Tuesday, May 3, 2011

Legacy of Mrs. Harper

I saw Mrs. Harper last Friday.  She hasn’t changed in 36 years, except to be a tad forgetful.  Understandable now that she has great-grandchildren of her own.  She recognized me even though it has been over a year since she personally waited on me.

The Harper family has owned Crestview Pharmacy forever.  It is the oldest independent pharmacy in the city.  When I moved here in the mid 1970’s and found Crestview it was always either Mr. or Mrs. Harper behind the counter.  As their boys Jerry and David got old enough, they began to work in the family business and now manage much of the day to day operation.  In all these years they have consistently provided accurate prescriptions in the correct dosage without a single mistake and in the friendliest, fastest, most efficient way possible. 

But that’s not the reason I keep coming back.  What the Harpers do best is build relationships.  Just like their neighbors in the shopping center, the Prellops who own the Crestview Minimax, they know their regular customers by name, ask about their children and carry unique items in addition to the usual stock.   When my children were little Mrs.
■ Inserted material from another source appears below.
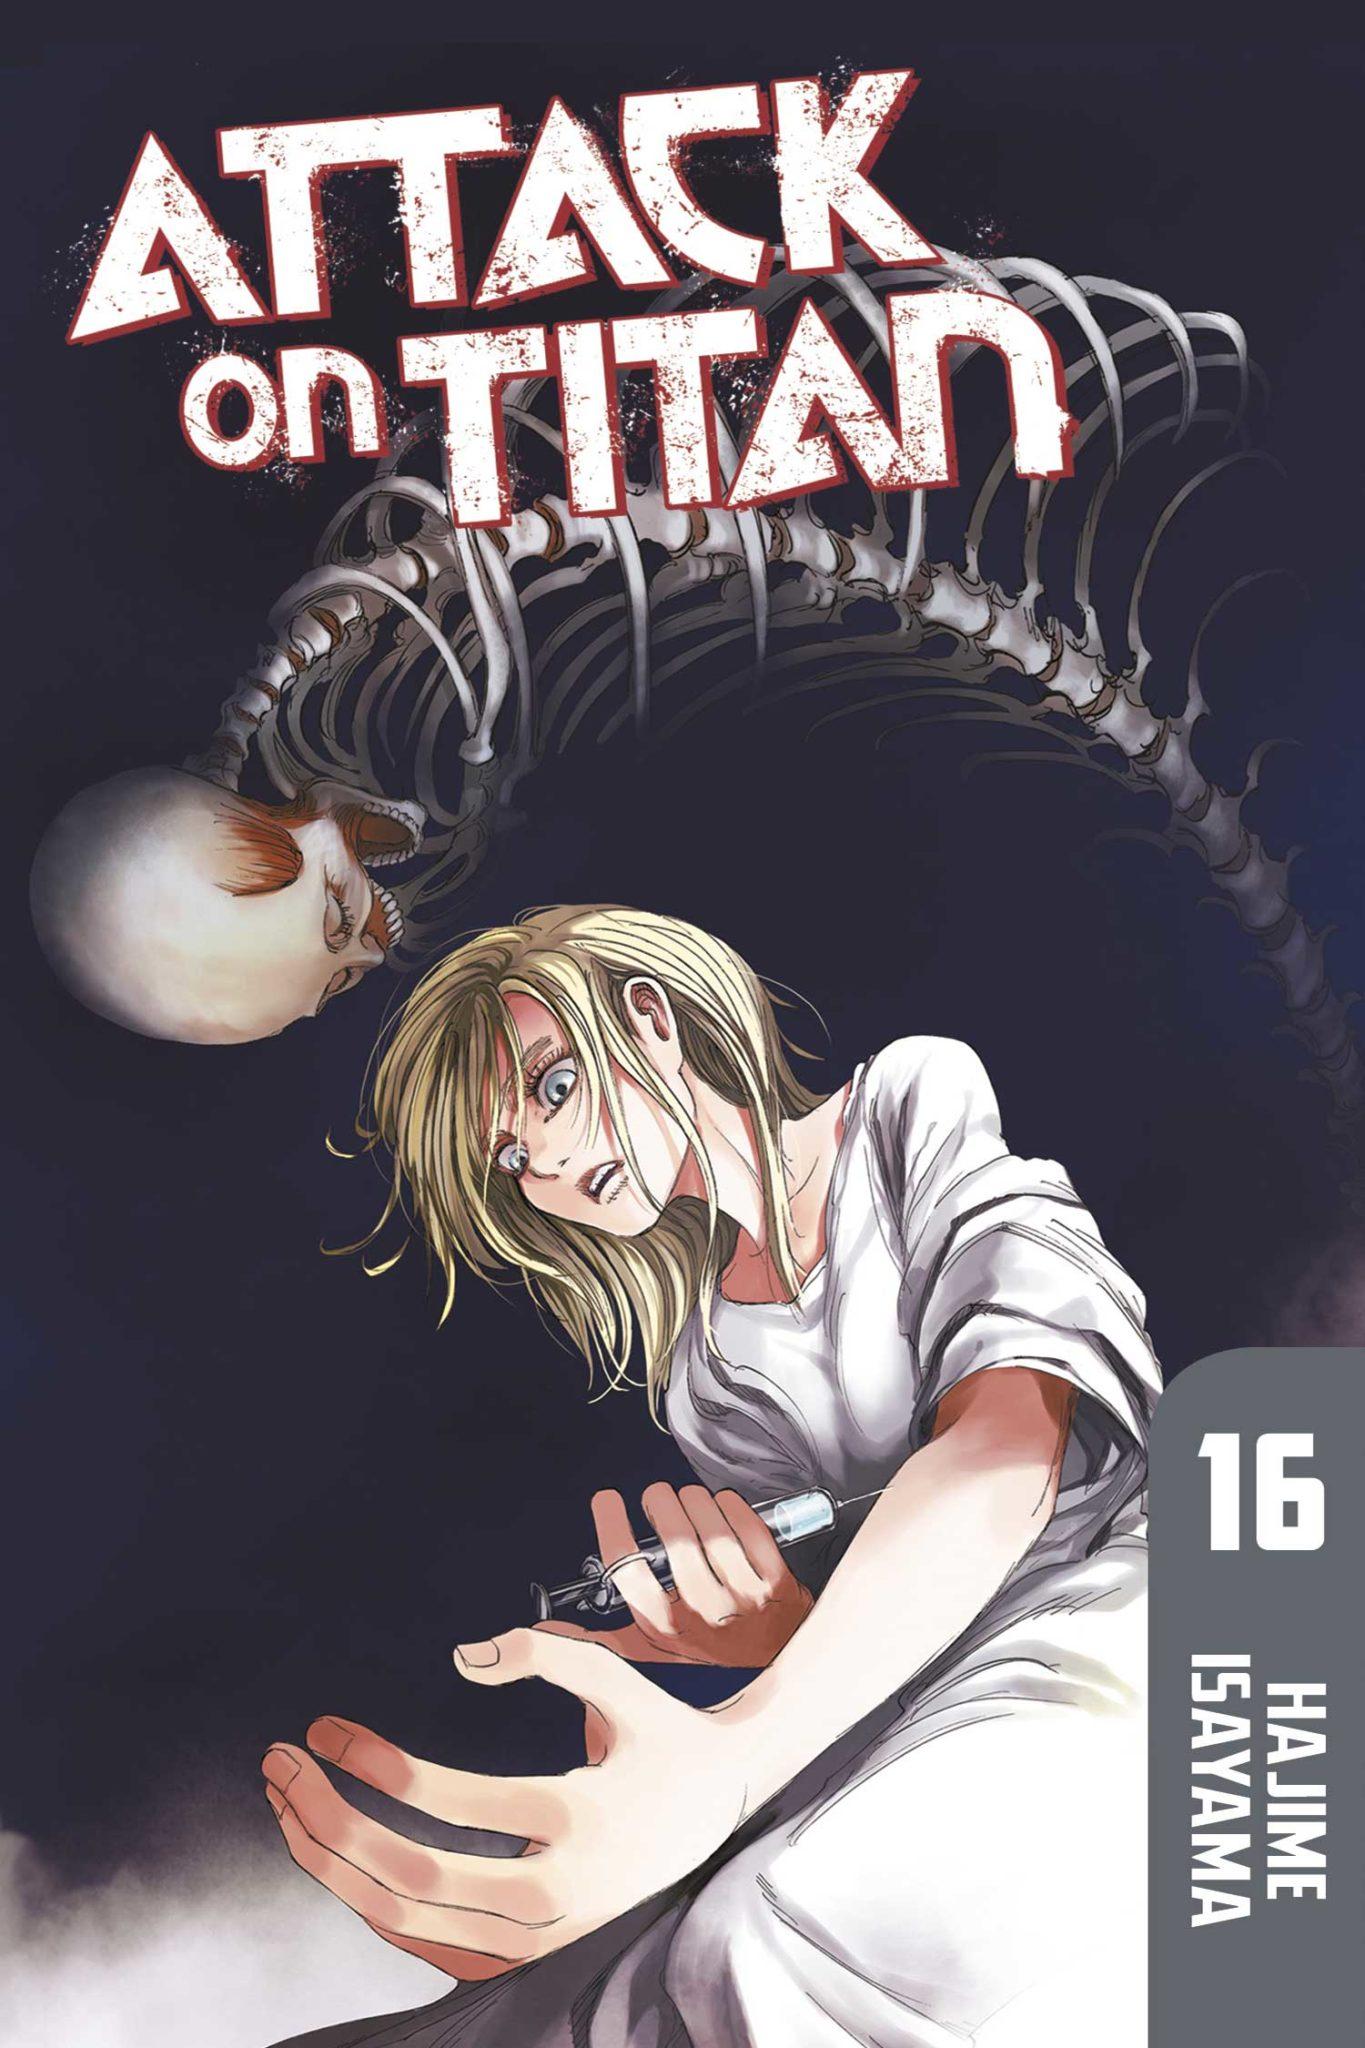 Attack on Titan, Volume 16 by Hajime Isayama

Harper would always make sure they got a piece of candy while I waited on my prescriptions to be filled, and maybe an extra piece if they were sick – no charge, of course.  She recalled those days on Friday as we visited – how she would make home or business deliveries – no charge, of course – and as mothers began working outside the home she would even deliver to the day care because the mothers trusted her so much to take the right medicine to the right place. 

I have an old-fashioned charge-account at Crestview Pharmacy.  When I go into pick up medicine I simply sign a charge slip and then pay my bill each month when it arrives.  As my children got old enough to drive it was wonderful that I could send them to pick up their own prescriptions, let them charge it and not have to send them with money.  Mrs. Harper recalled one time when a little girl came in with several of her friends and announced that her mom said she could charge candy for her and all of her friends.  Mrs. Harper said, “I’m not sure that’s what your mom said, let’s call and ask her”.  Immediately the girl confessed. 

There will come a day when Mr. and Mrs. Harper will no longer work at the pharmacy, and that will make me very sad.  It will be the end of an era, not to walk in and see his tall frame with dark hair and big glasses back at the filling counter, or over in a booth having lunch with a crony.  Or not to see Mrs. Harper’s perfectly coifed gray hair and smiling blue eyes, looking almost exactly like one of my grandmothers.  But I take comfort in knowing that Jerry and David will be there, and they have children so perhaps the legacy will live on past my lifetime.    I’d like that.